We list out top 10 players reported on ScreenSpot-Pro leaderboard and related technical reports. KV-Ground-8B-BaseGuiOwl1.5-0315 + Zoom-In is ranked as best in all the systems.

Model / Agentic	ScreenSpot-Pro
KV-Ground-8B-BaseGuiOwl1.5-0315 + Zoom-In*	80.5
GUI-Owl-1.5-32B-Instruct + Zoom-In	80.3
Holo2-235B-A22B (Agentic)	78.5
GUI-Owl-1.5-8B-Instruct + Zoom-In*	78.0
MAI-UI-32B (MVP)	77.5
KV-Ground-4B-BaseGuiOwl1.5-0228 + Zoom-In*	76.4
GUI-Owl-1.5-4B-Instruct + Zoom-In*	76.1
Holo2-30B-A3B (Agentic)	75.2
MVP_Qwen3VL-32B	74.1
MAI-UI-32B (Zoom In)	73.5

Notes:

By default numbers are from each source.

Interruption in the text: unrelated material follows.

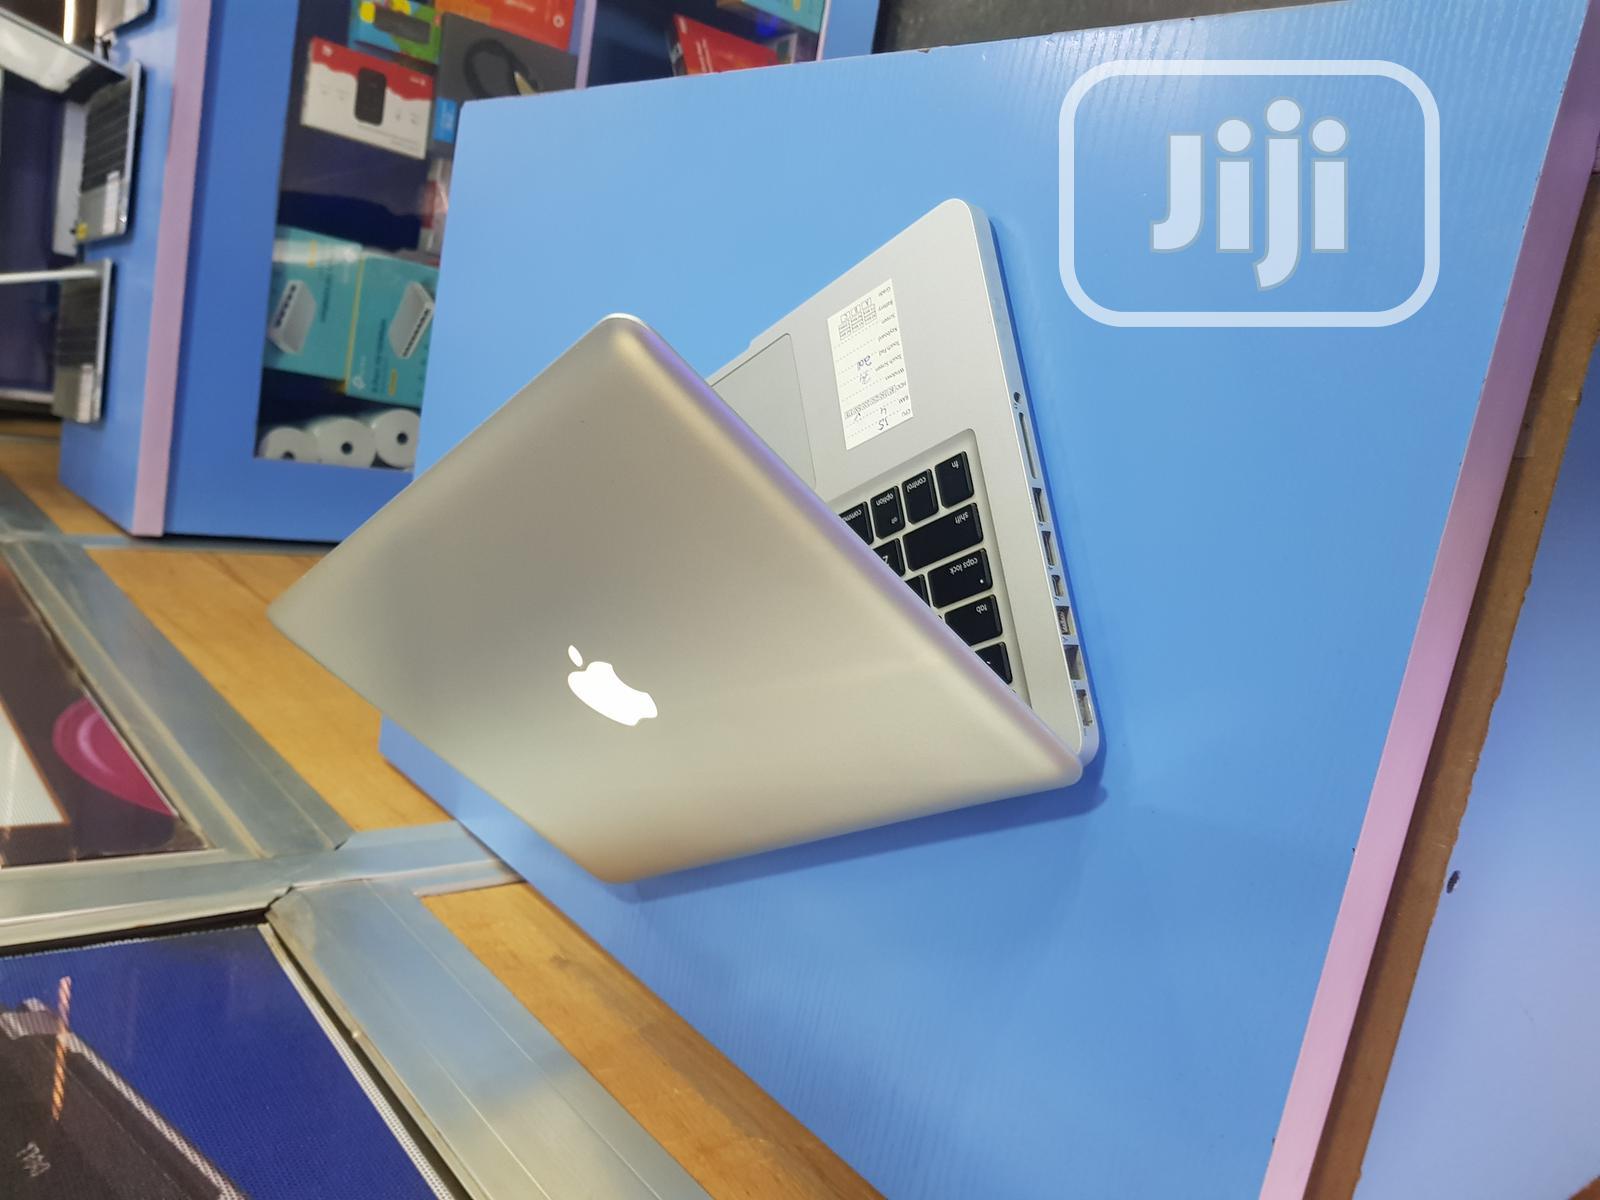 Laptop Apple MacBook Pro 4GB Intel Core i5 HDD 500GB | Laptops & Computers for sale in Enugu / Enugu, Enugu State, Nigeria

Those numbers produced by us are indicated by *, which may be different from the numbers reported from the sources.

It is known that models are usually sensitive to certain pre-designed prompt. As all the runs produced by us are based on Qwen3-VL backbone, for fair and simple comparision, the same prompt structure of system -> user-image -> user-instruct is used. And the same system message is used, which is the default Qwen3-VL computer-use format prompt adopted by the ScreenSpot-Pro leaderboard. For OSWorld-G and OSWorld-G-refined, minor modification is made to instruct the refusal setting.

Quickstart

The model keeps the exact same architecture and configs of GUI-Owl-1.5-8B-Instruct (inheriting from Qwen3-VL-8B-Instruct) and hence the usage is the same. For detail examples and the grounding prompt, please checkout the benchmark evaluation code in this repo.